Venice doesn't expose native chunking. For files > ~30 min, split client-side on silence with `ffmpeg` or `pydub`, transcribe each chunk, then concatenate with offset timestamps.

```bash
ffmpeg -i long.mp3 -f segment -segment_time 600 -c copy chunk_%03d.mp3
```

## Errors

| Code | Meaning |
|---|---|
| `400` | Bad params, unsupported audio format, empty file, or **file larger than 25 MB** (this endpoint returns `400` with `"Maximum size is 25MB"`, not `413`). |
| `401` | Auth / Pro-only. |
| `402` | Insufficient balance. |
| `415` | Wrong `Content-Type` — must be `multipart/form-data`. |
| `422` | Validation / upstream ASR error (e.g. zero-length audio, upstream provider 422). Not a "content policy" code on this path. |
| `429` | Rate limited. |
| `500` / `503` | Transient; retry with jitter. |

## Gotchas

- `file` must be uploaded as a real multipart file part.

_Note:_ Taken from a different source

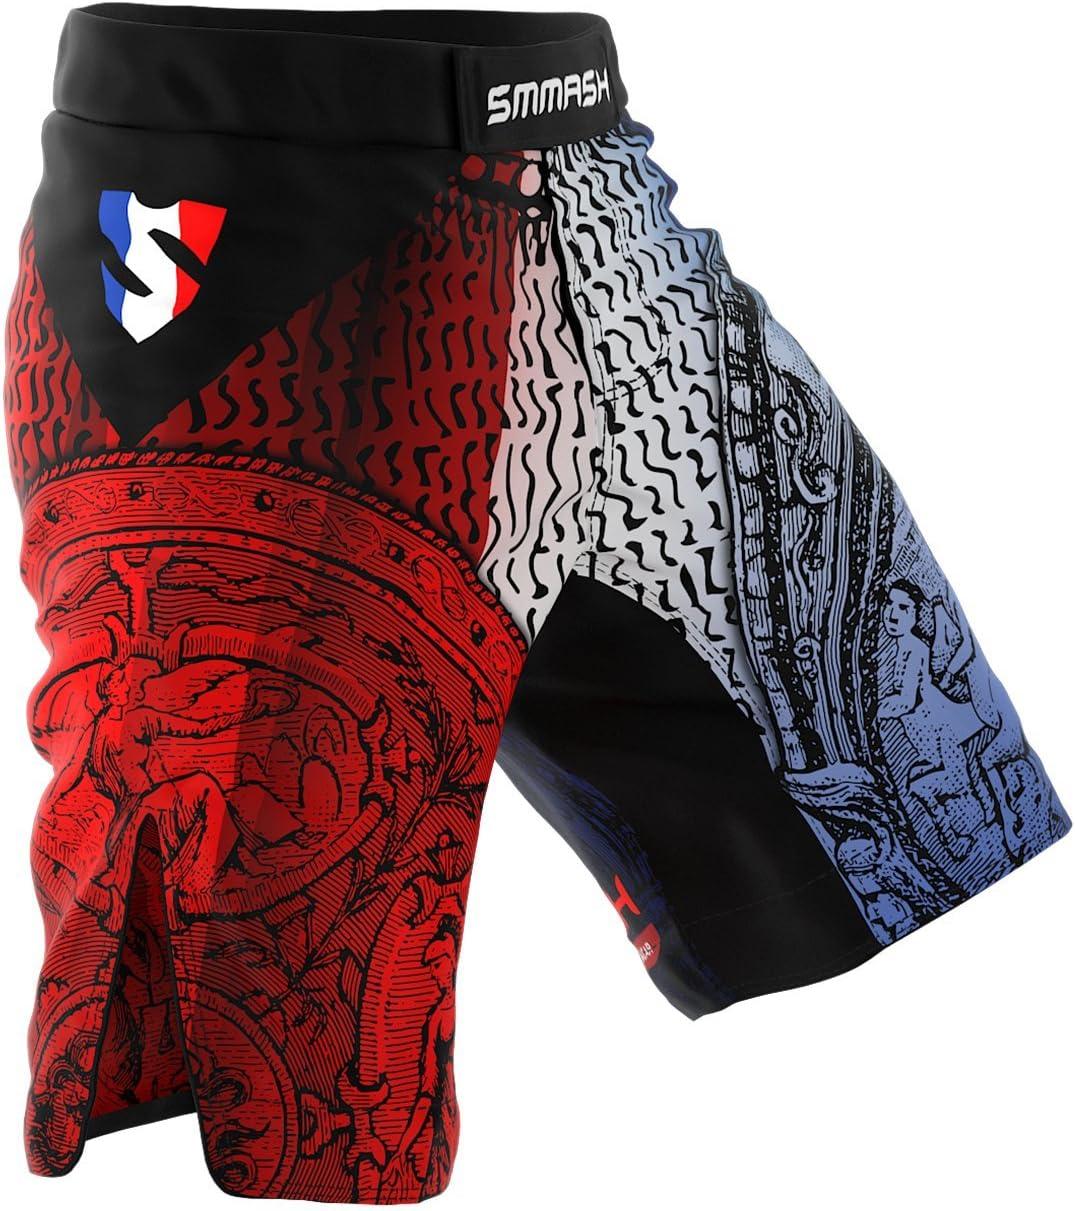 Hergestellt in der EU Krav MAGA Sportoberteile f/ür MMA SMMASH Shadow 2.0 Rashguard Kurzarm Herren K1 BJJ Kampfsport Funktionsshirt Herren Atmungsaktiv und Leicht Slim Fit

JSON + base64 is **not** supported here.
- Timestamps are only surfaced in the JSON response shapes (`json`, `verbose_json`, `srt`, `vtt`). With `response_format: text` the handler returns a plain `text/plain` body containing just the transcript — you'll lose any timestamp data, so pick `verbose_json` / `srt` / `vtt` when you need timings.
- `language` is Whisper-specific. Parakeet / Scribe ignore it and auto-detect.
- Peak concurrency limits apply — on `429`, back off; big batches should throttle to ~5 parallel requests.
- Content-policy rejection on the transcript is returned as `422` with an error string; it does not surface `suggested_prompt` on this path.